### [The data]
· · ·

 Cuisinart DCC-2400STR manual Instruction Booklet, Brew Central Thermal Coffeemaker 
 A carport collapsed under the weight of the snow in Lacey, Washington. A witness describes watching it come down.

· · ·

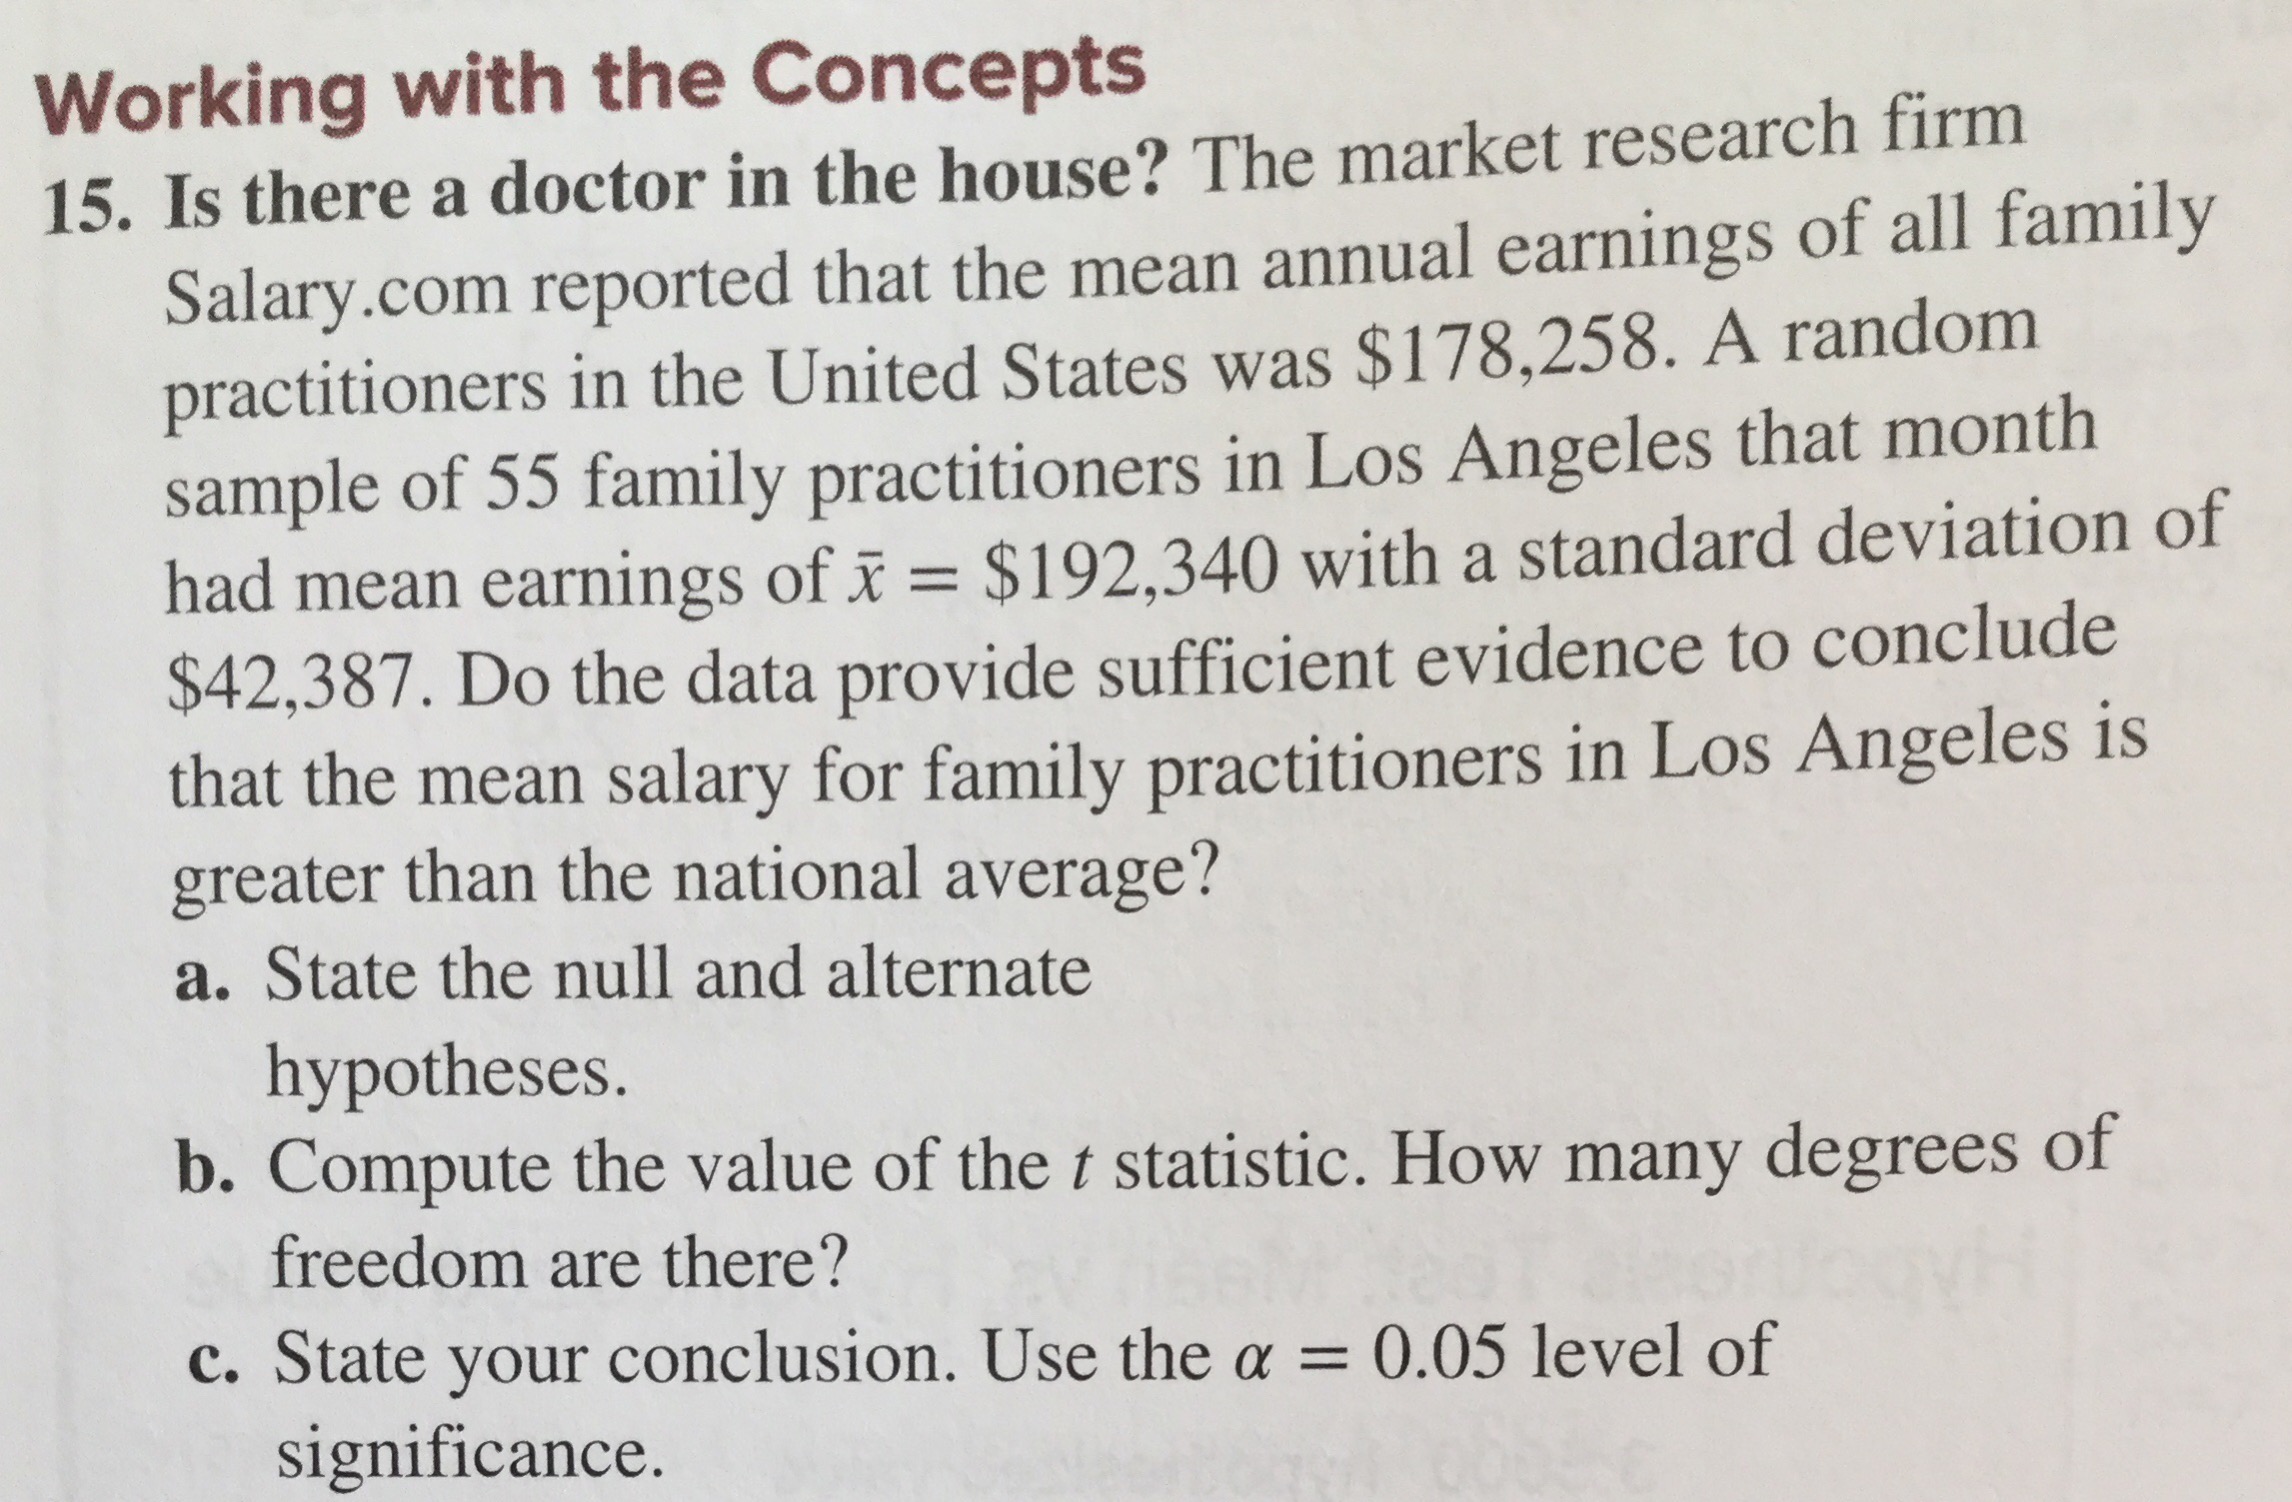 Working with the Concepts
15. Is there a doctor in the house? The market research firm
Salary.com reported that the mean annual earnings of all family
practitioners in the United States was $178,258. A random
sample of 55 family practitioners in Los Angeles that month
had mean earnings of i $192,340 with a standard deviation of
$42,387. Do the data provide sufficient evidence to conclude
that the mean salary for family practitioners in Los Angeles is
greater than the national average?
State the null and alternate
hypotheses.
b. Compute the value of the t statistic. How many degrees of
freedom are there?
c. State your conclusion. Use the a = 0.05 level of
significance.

· · ·

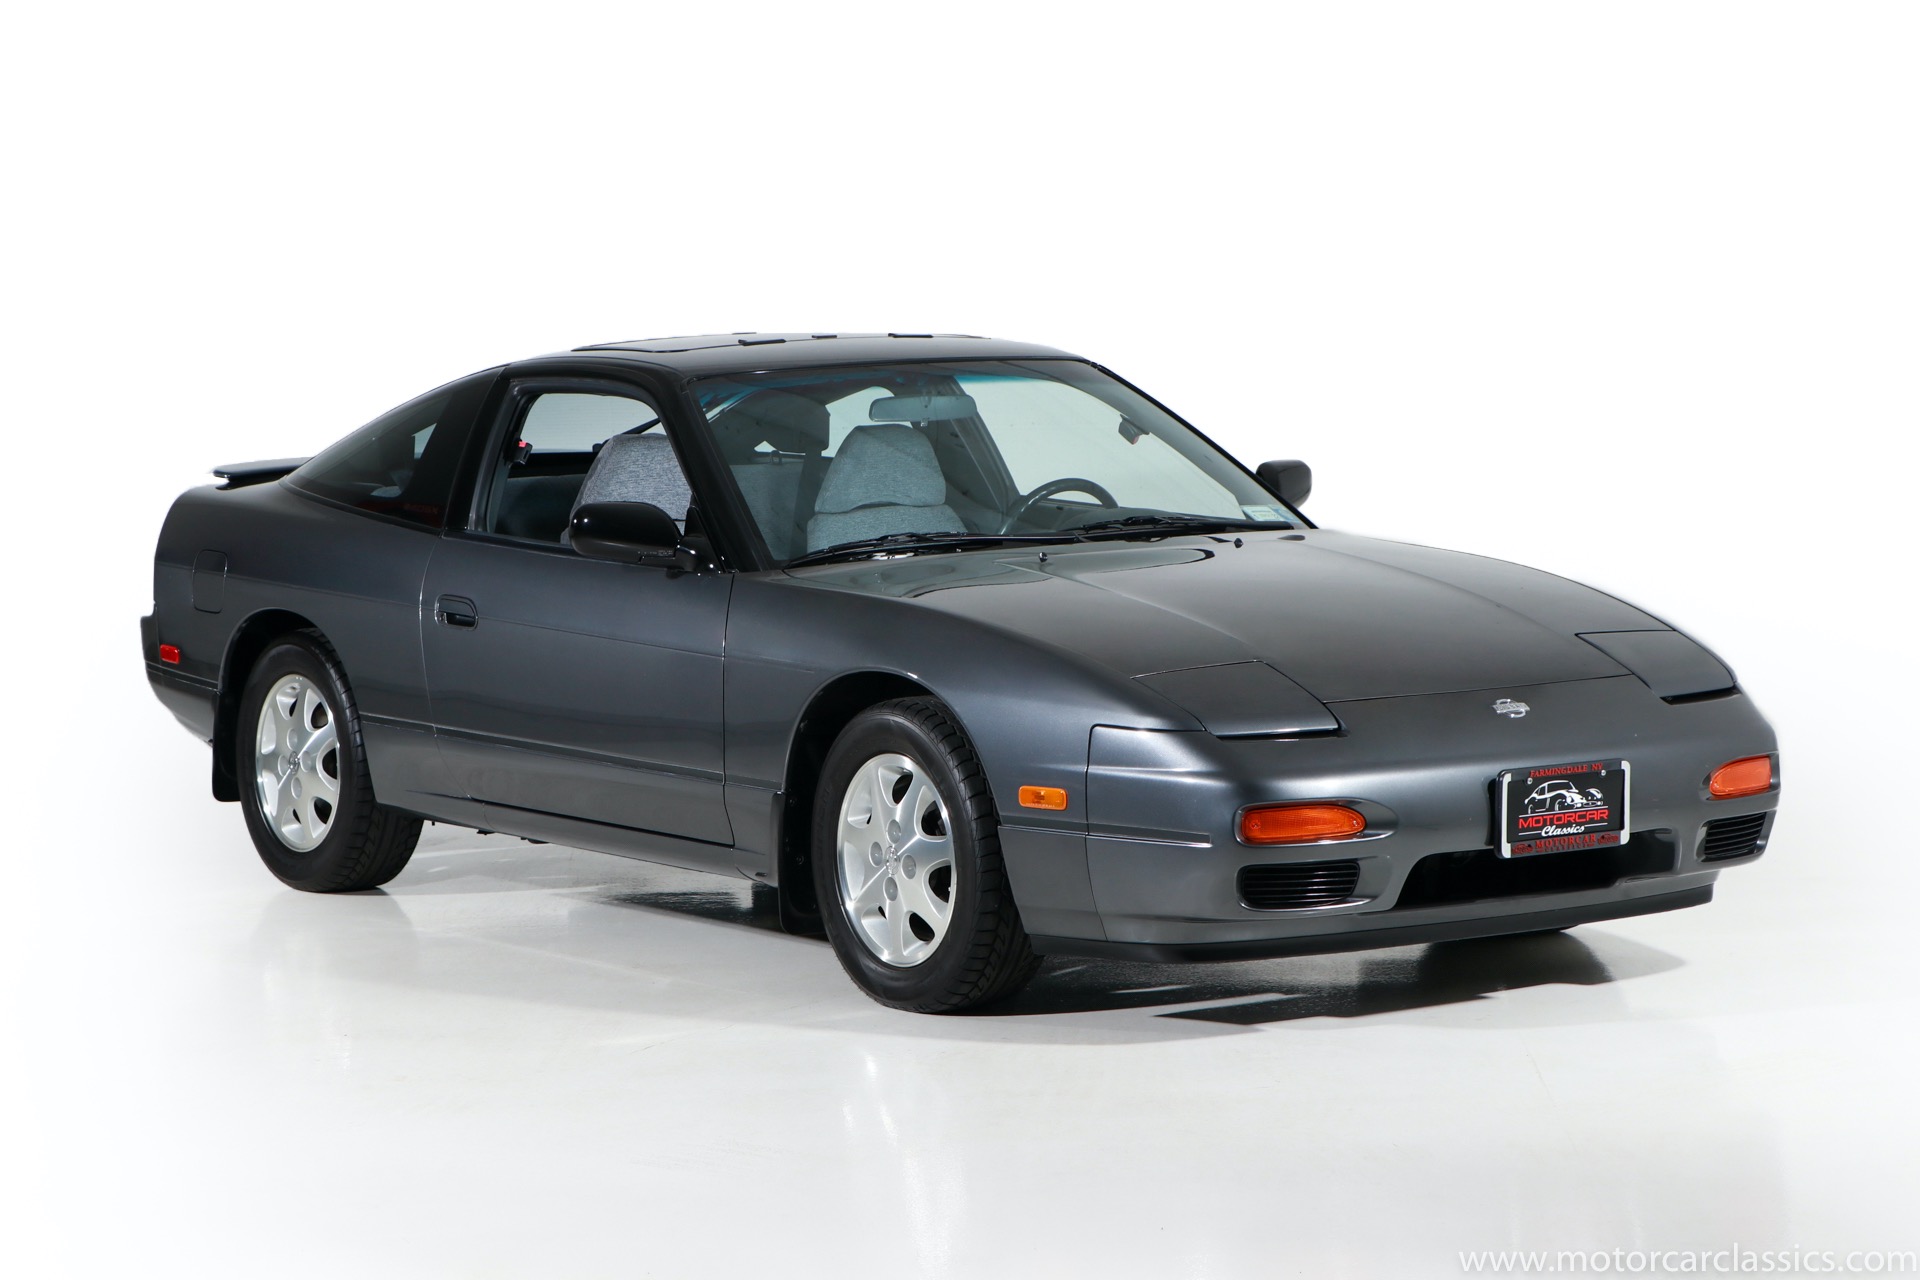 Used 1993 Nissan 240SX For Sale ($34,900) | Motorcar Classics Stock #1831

· · ·

### [Exercise goal]
Lines from the records above that hold "practitioners" are the ones to list.

### [Response area]
practitioners in the United States was $178,258. A random
sample of 55 family practitioners in Los Angeles that month
that the mean salary for family practitioners in Los Angeles is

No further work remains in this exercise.